**Supplied information**:

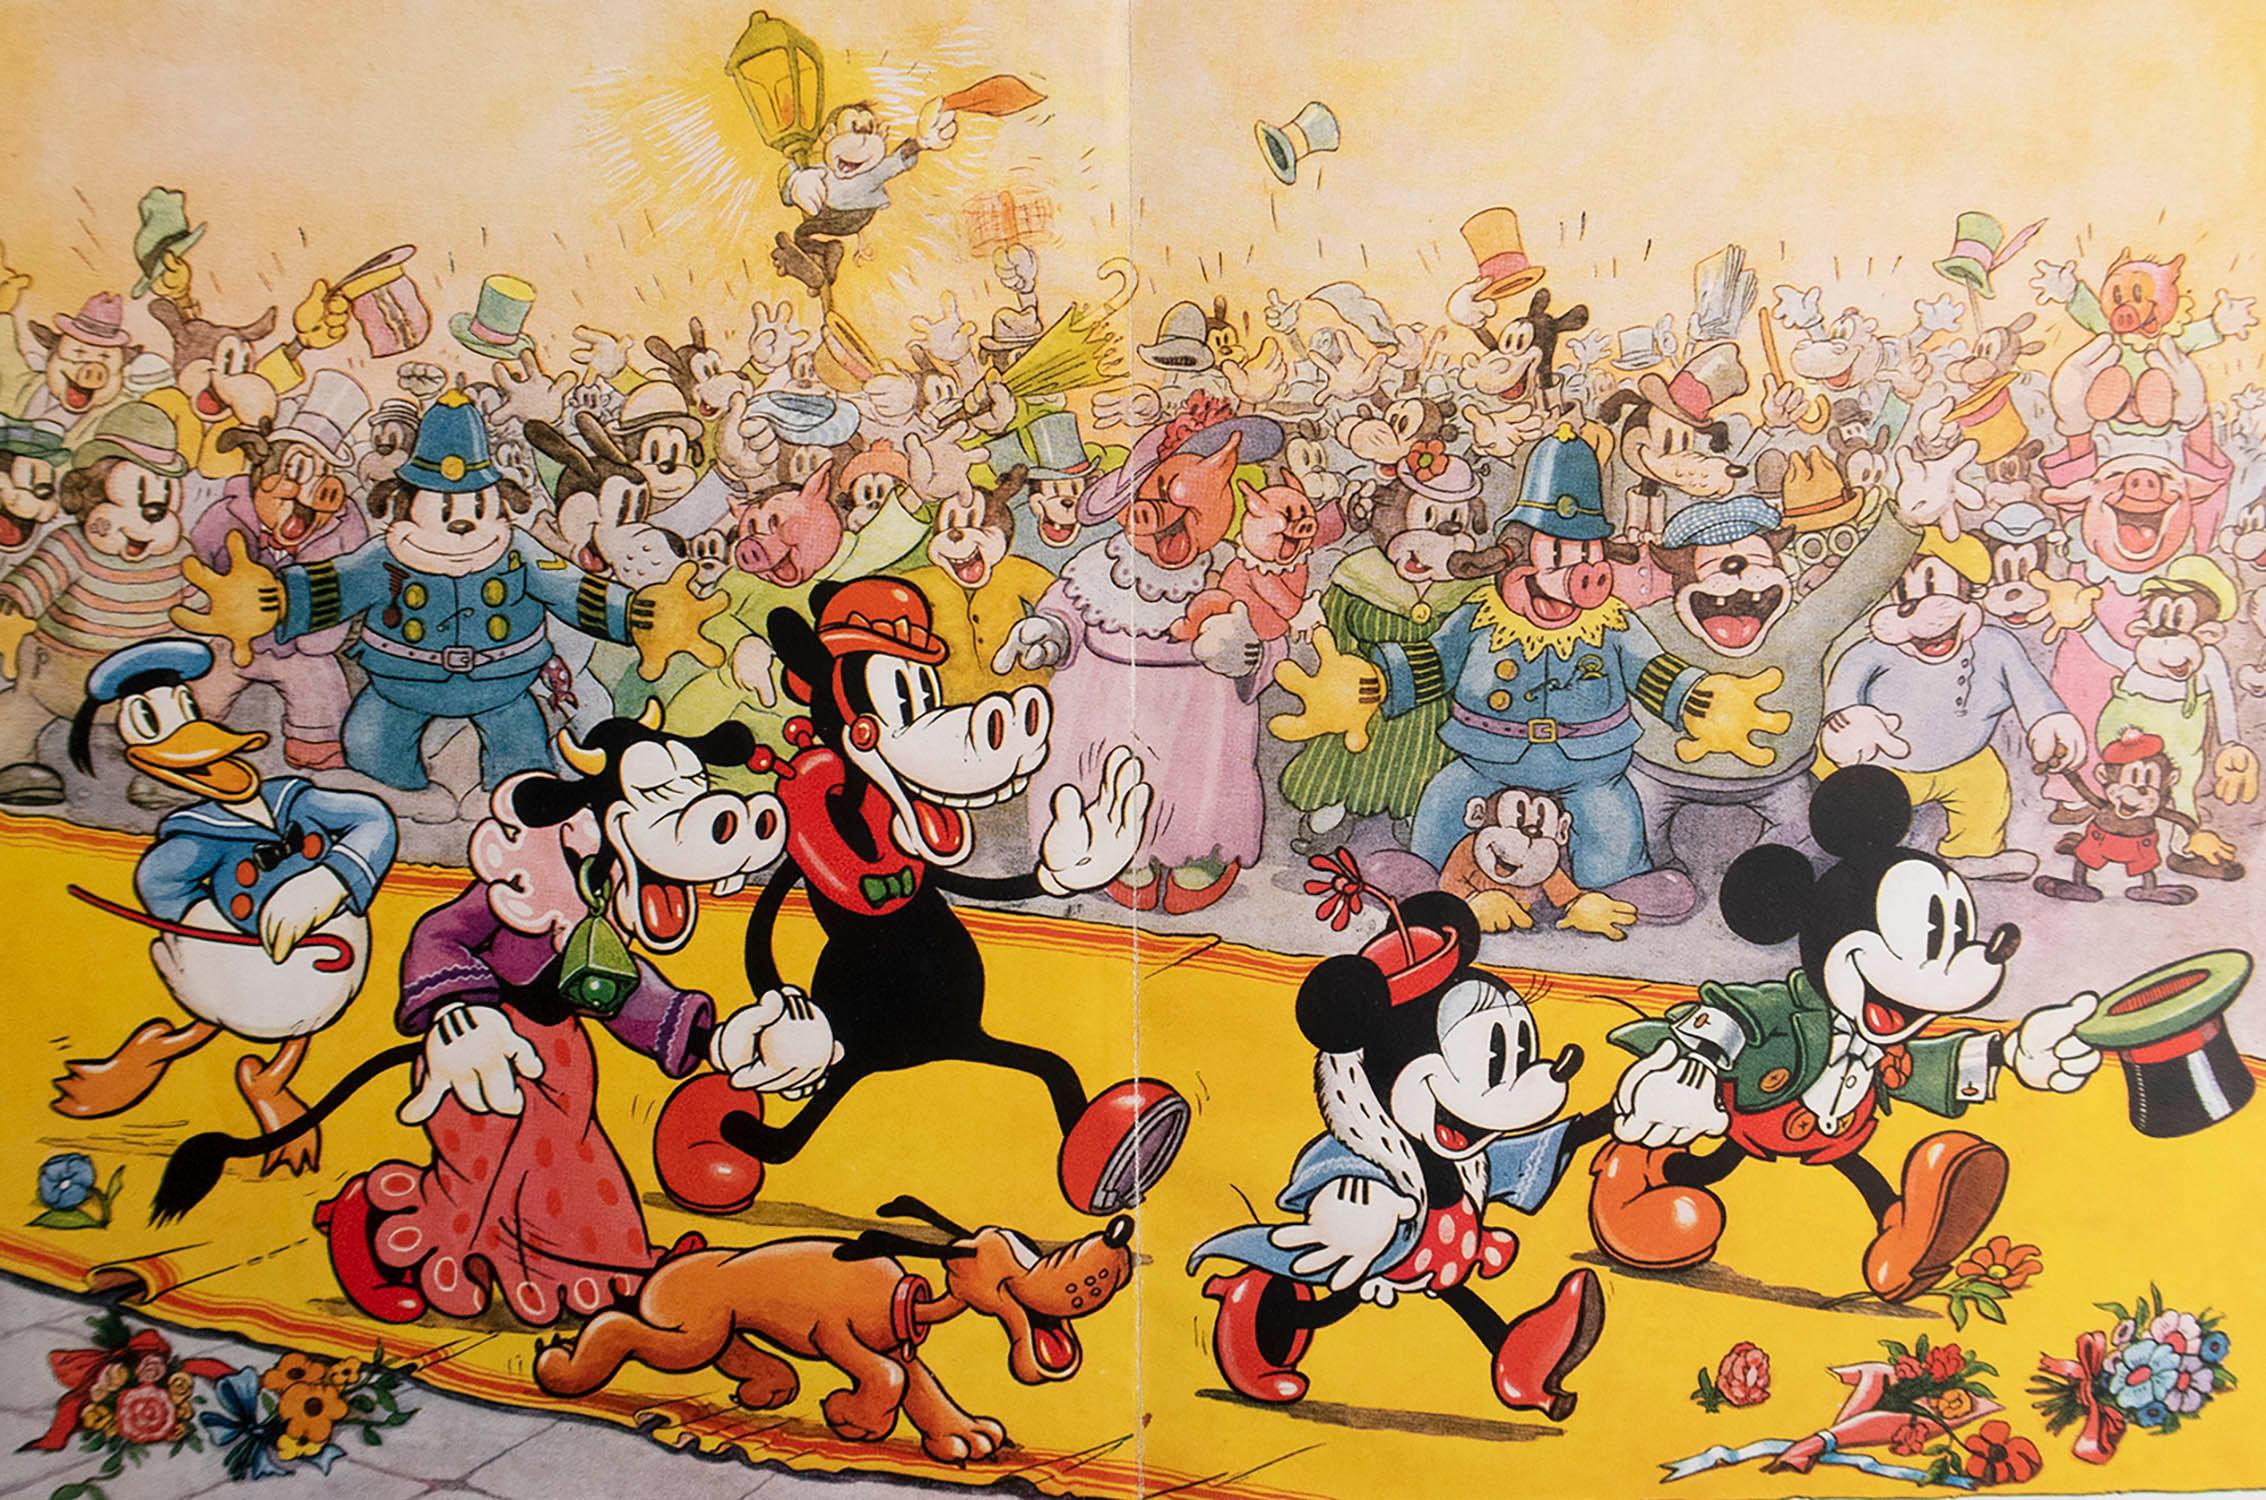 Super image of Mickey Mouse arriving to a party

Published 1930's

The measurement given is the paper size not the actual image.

**Task goal**: All of the material above is to be copied exactly, except for its images.

**Exercise answer**:
 Super image of Mickey Mouse arriving to a party

Published 1930's

The measurement given is the paper size not the actual image.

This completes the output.